ClickHouse Deployment, Backup, and Restore Specification
This document provides the public specifications of dbbot in the ClickHouse scenario, which is used to unify the basic requirements for deployment, backup, restore, and daily operations.
1. Goal
- Establish unified ClickHouse cluster delivery specifications.
- Reduce the impact of backup and recovery on production business.
- Reduce high-risk misoperations through inventory guarding, manual confirmation, and manifest.
- Provide consistent execution standards for in-place cluster restore and cross-site disaster recovery.
2. Basic environment requirements
2.1 Operating system and hardware
- It is recommended to use the
x86_64architecture and meet theSSE4.2instruction set requirements. - It is recommended to turn off transparent huge pages and SWAP.
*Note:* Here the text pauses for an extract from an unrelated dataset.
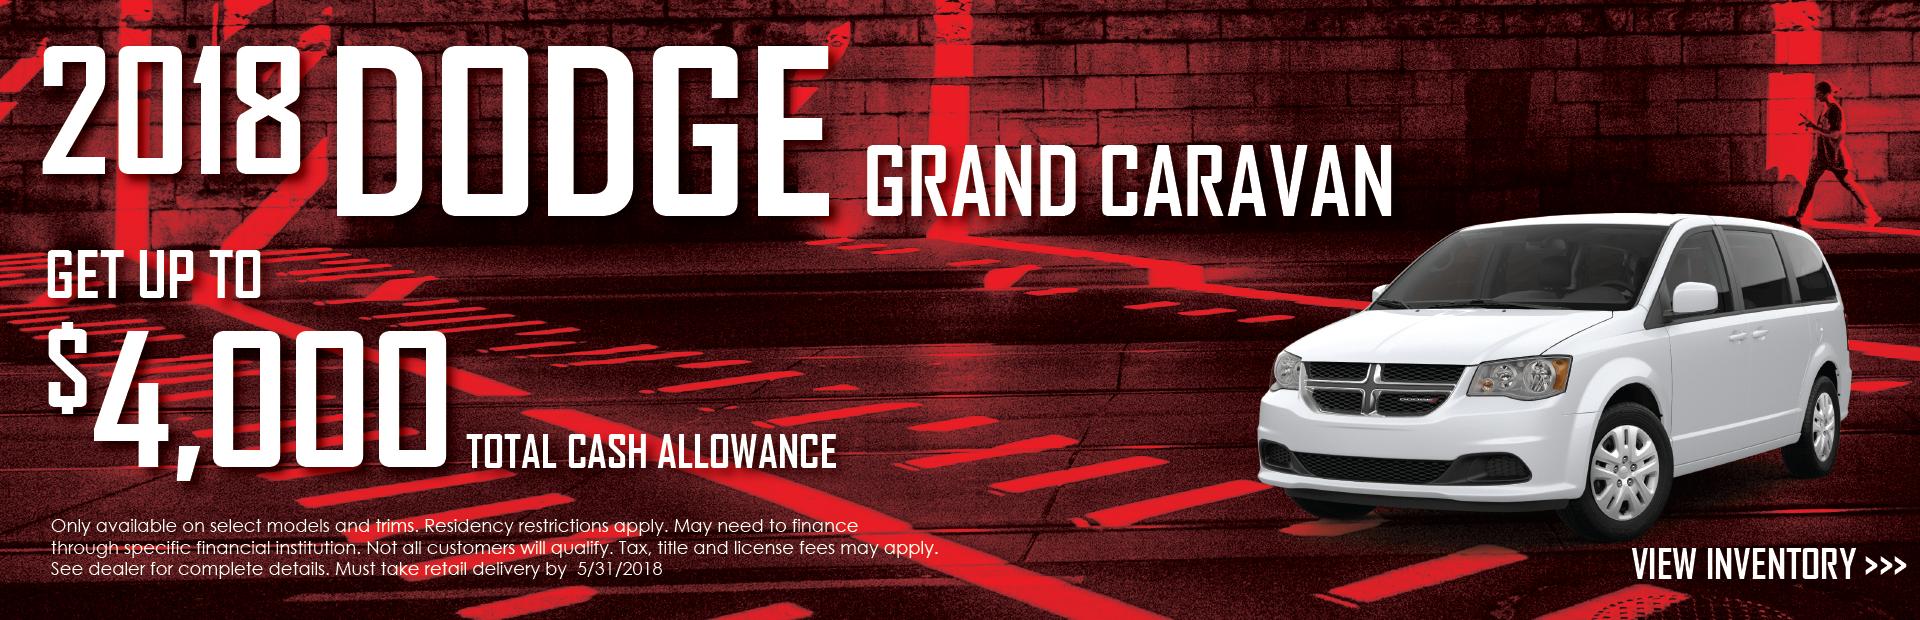 2018 Dodge Grand Caravan Banner

- Recommend unified time zone, file descriptor limits and system security baseline.
2.2 Network and time
- A stable and low-latency network should be maintained between cluster nodes.
- NTP or Chrony should be unified across the entire cluster.
- The control node needs to access both the ClickHouse node and the coordination node.
2.3 Storage
- SSD is preferred for production.
- It is recommended to separate the data disk and system disk.
- The backup disk should be isolated from the data disk and ensure that the ClickHouse process can read and write.
3. Topology and object specifications
- The default documentation example uses a
3x2topology, but this is only a reference model. - Distributed tables are used for unified access, and local tables carry actual data.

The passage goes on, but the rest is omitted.